Repeat or scale LED channels

You can repeat or scale LED channel controlled by iCUE onto physical LED strips. This is very useful if you have very long LED strips that are longer than 60/96/135 LEDs, which is the maximum number iCUE supports.

To repeat or scale a LED channel you must apply the CLP::repeat or the CLP:scale function in the update hook of the FastLEDController. See the RepeatAndScale example for the complete code. Both functions take the FastLEDController pointer and the channel index as arguments. Additionally, the repeat function takes as an argument how often the LED channel should be repeated. For example, if you want to duplicate the channel you must pass 2 as argument. The scale function takes as third argument the length of the physical LED strip to which it scales the channel using integer scaling. For example you have 144 physical LEDs on you strip and 60 on the LED channel. Then the third argument of the scale function is 144.

For both functions it’s important, that the CRGB arrays have at least the length of the physical LED strip. This means if your LED channel from iCUE has 50 LEDs and you use the repeat function to control 100 physical LEDs you MUST declare the CRGB array at least with a length of 100.

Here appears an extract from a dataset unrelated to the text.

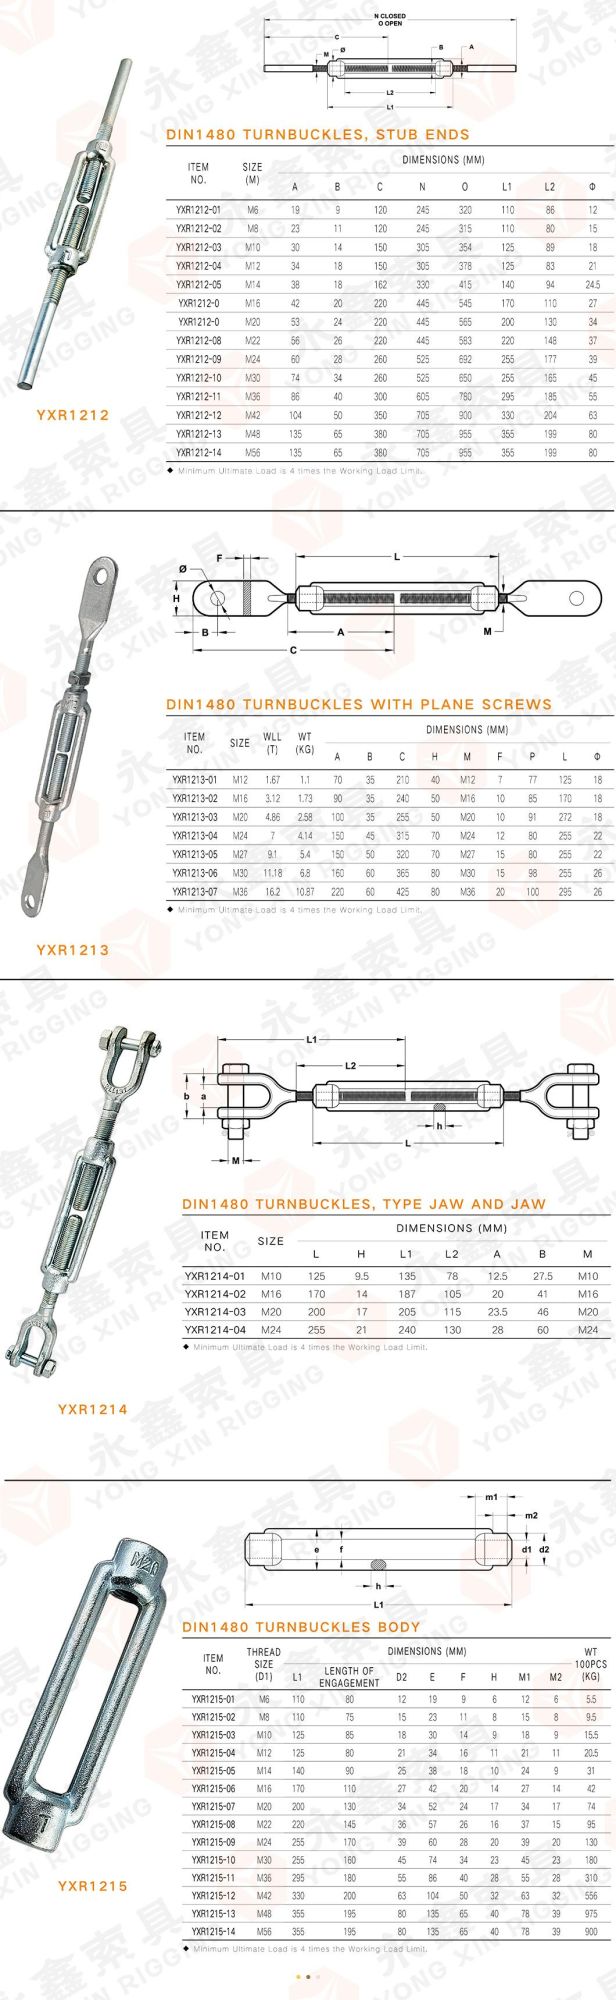 High Polished AISI304 316 Stainless Steel Double Hook DIN1480 Open Body Turnbuckle

Increase the Brightness of the LEDs

When using LS100 or LT100 iCUE only uses 50% of the LEDs brightness even if you set the brightness to max in the iCUE Device Settings. But there are good news, we can increase the brightness with the Arduino so we can use the full brightness of our LEDs. Add the CLP::fixIcueBrightness function to the onUpdateHook in the setup function as shown in the example. If there are multiple functions called in onUpdateHookfixIcueBrightness should be the first. Only use this function with LS100 and LT100 devices!

ledController.onUpdateHook(0, []() {
	CLP::fixIcueBrightness(&ledController, 0);

Reverse direction of LED Strip

If you want to change the direction of the LEDs of the Strip without physically change the strip, the CLP::reverse function can be used. The reverse function must be called be for scaling.

ledController.onUpdateHook(0, []() {
	CLP::reverse(&ledController, 0);

Hardware Lighting mode

The Hardware Lighting mode can be configured in iCUE. It allows you the set lighting effects that will be active when iCUE is not running. This is the case when the PC is off, in sleep mode, booting or the user is logged out. So if you want to have lighing effects in all these situations, use the Hardware Lighting mode. If you don’t want it, configure a static black color.


This project is licensed under the Apache 2.0 License.


This is a DO IT YOURSELF project, use at your own risk!